I found myself singing the above lyrics into her ear as I danced and she sucked, wondering where it was being filed in the developing recesses of her brain and how it was being processed. I wonder the same thing too about Ella's love for Johnny Cash. Folsom Prison the first CD she purchased with her very own money because "he sings to jail people" and, I guess, at five years old, that was really cool. I think at any age, singing to jail people is pretty cool.




It looks like our little dance parties will be a monthly event. Each time we hold it, we send the kids around with a big jug to collect dollar bills from everyone. The money goes toward raising money to restore the town hall. Each year they tackle another project on the building. The clock tower, a handicapped access, a new foundation. One of these years, they'll get around to tearing off the peeling wall paper and maybe painting the walls. For now, we have no complaints.




It's a big wide open space where the kids can run and freak out and the grown ups can get a taste of the yesteryears. Good stuff.


Friday, March 16, 2007

Lenore

This here is my Nan, as you're likely to find her. She doesn't leave the house without her purse. Doesn't leave the room without her purse. You'll see it, constantly, cluched under her knuckles as she makes her way around the world. And once she gets there, she expects a beer. At 87, she's known to show up for family gatherings in black leather pants and lips adorned in hot pink. Always. Sometimes, we have to take her by the elbows and lead her to bed at night. At her age, she still puts the beers away, although, she's slowing down a bit on the drink. She still plays cards five days a week, goes to church twice weekly, gets her hair done every Friday and almost keeps up with our generation of drinkers. I can keep up with none of them anymore.... nor do I attempt.

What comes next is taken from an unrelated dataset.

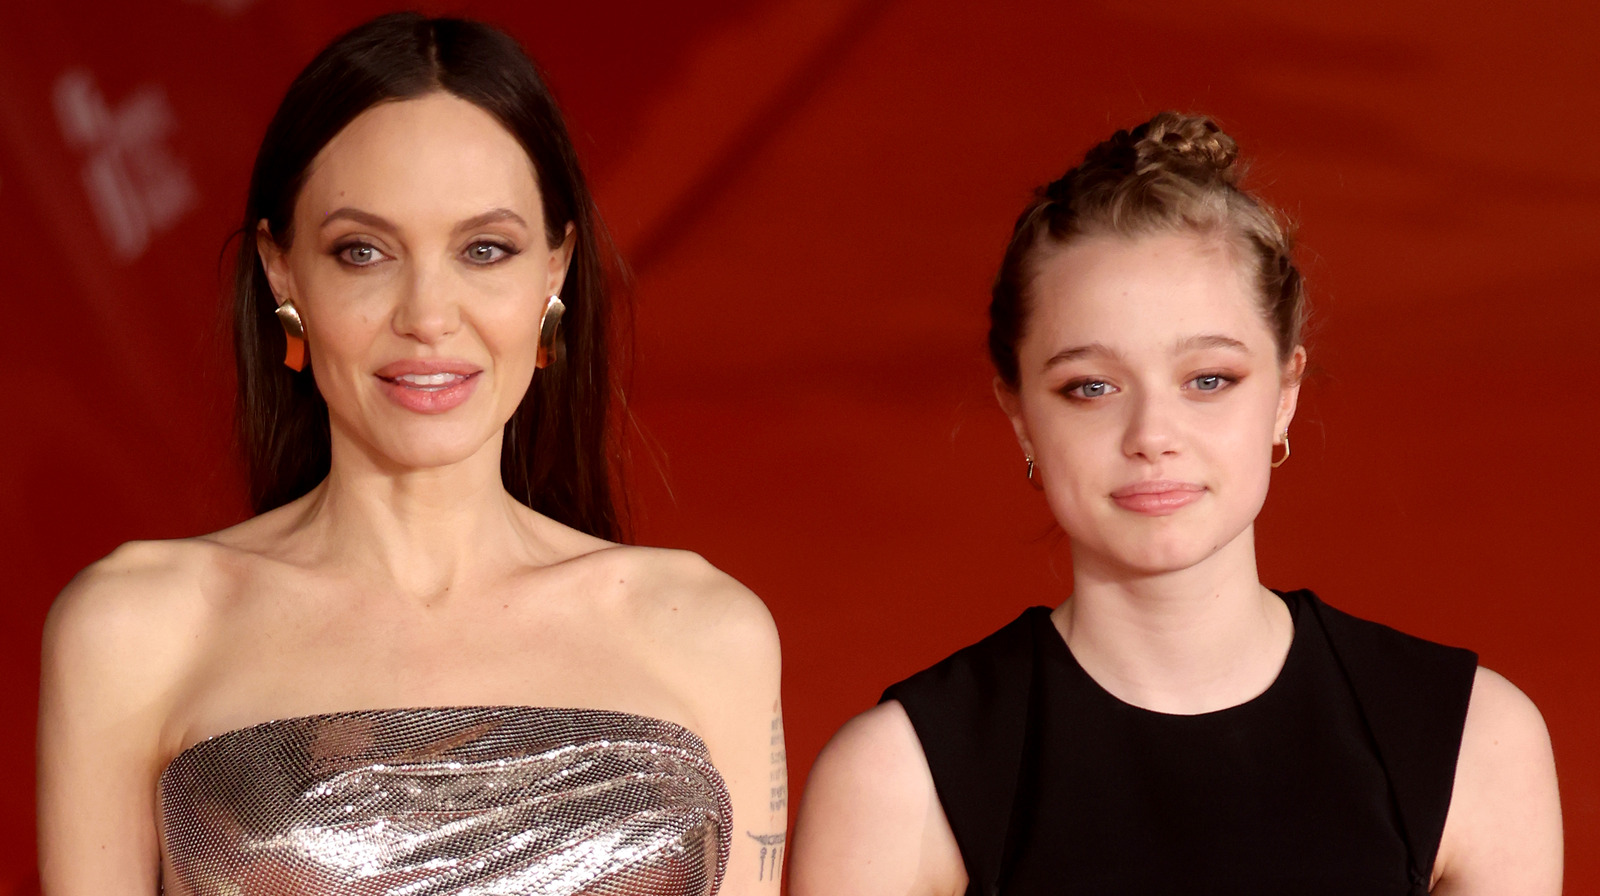 El drama que rodea la convivencia entre Shiloh Jolie-Pitt y Brad, explicado

I call her the Bionic Grandma. She's the first person in her family to live past fifty years old. I'm not sure how much of is has to do with her nerves of steel or how much of it has to do with modern medical technology. She's been widowed since 88. We lost my Pop to lung and liver cancer. It was only when he was diagnosed with severe emphysema that my Nan, reluctantly, gave up smoking cigarettes.

She had a brain annurism at forty, lost a breast from cancer at forty eight, had a stroke at fifty-five and then several heart attacks to follow, including a quadruple by-pass surgery and about a dozen stents (I kid you not) strategically placed throughout her body, holding her arteries open for blood flow. Still, once a week she drives across the bridge to the Arby's drive-through where she orders a half dozen Arbies roast beef sandwhich (with the special sauce) and keeps them in her refridgerator for daily lunches. She does what she wants.

She was almost eighteen when my grandfather first saw her. He came back to town for a homecoming football game and she, Lenore, was a cheerleader. They "courted" (I can only imagine what that means) for a year or two before my pop, Trevor, enlisted for WWII. He got whisked away to England where he helped load children onto trains to get them out of the city. Lenore became very bored without her suitor and so enlisted herself. On their military breaks, they would meet up where they could....France, Italy, Greece... and, upon arriving home, they were married. For those Grateful Dead fans, it was a real, live Reuben & Cherisse.

There have been times in the past summer or two, after an afternoon of margaritas or daquaris, where she'll proceed to tell me (because she knows I'm receptive to such things) that she occasionally wakes in the morning to find Trevor or her mother sitting in the chair beside her bed. She tells me that she knows she's ready to go but every time she makes her peace with it, our family plans one more event.... a graduation, a wedding, a reunion... and then she knows she just has to hold out for that one more thing. Every time I come for a visit and then hug and kiss her goodbye, I wonder if she'll still be there when I come next.

I wonder how many more years she's got of holding out for that one more thing.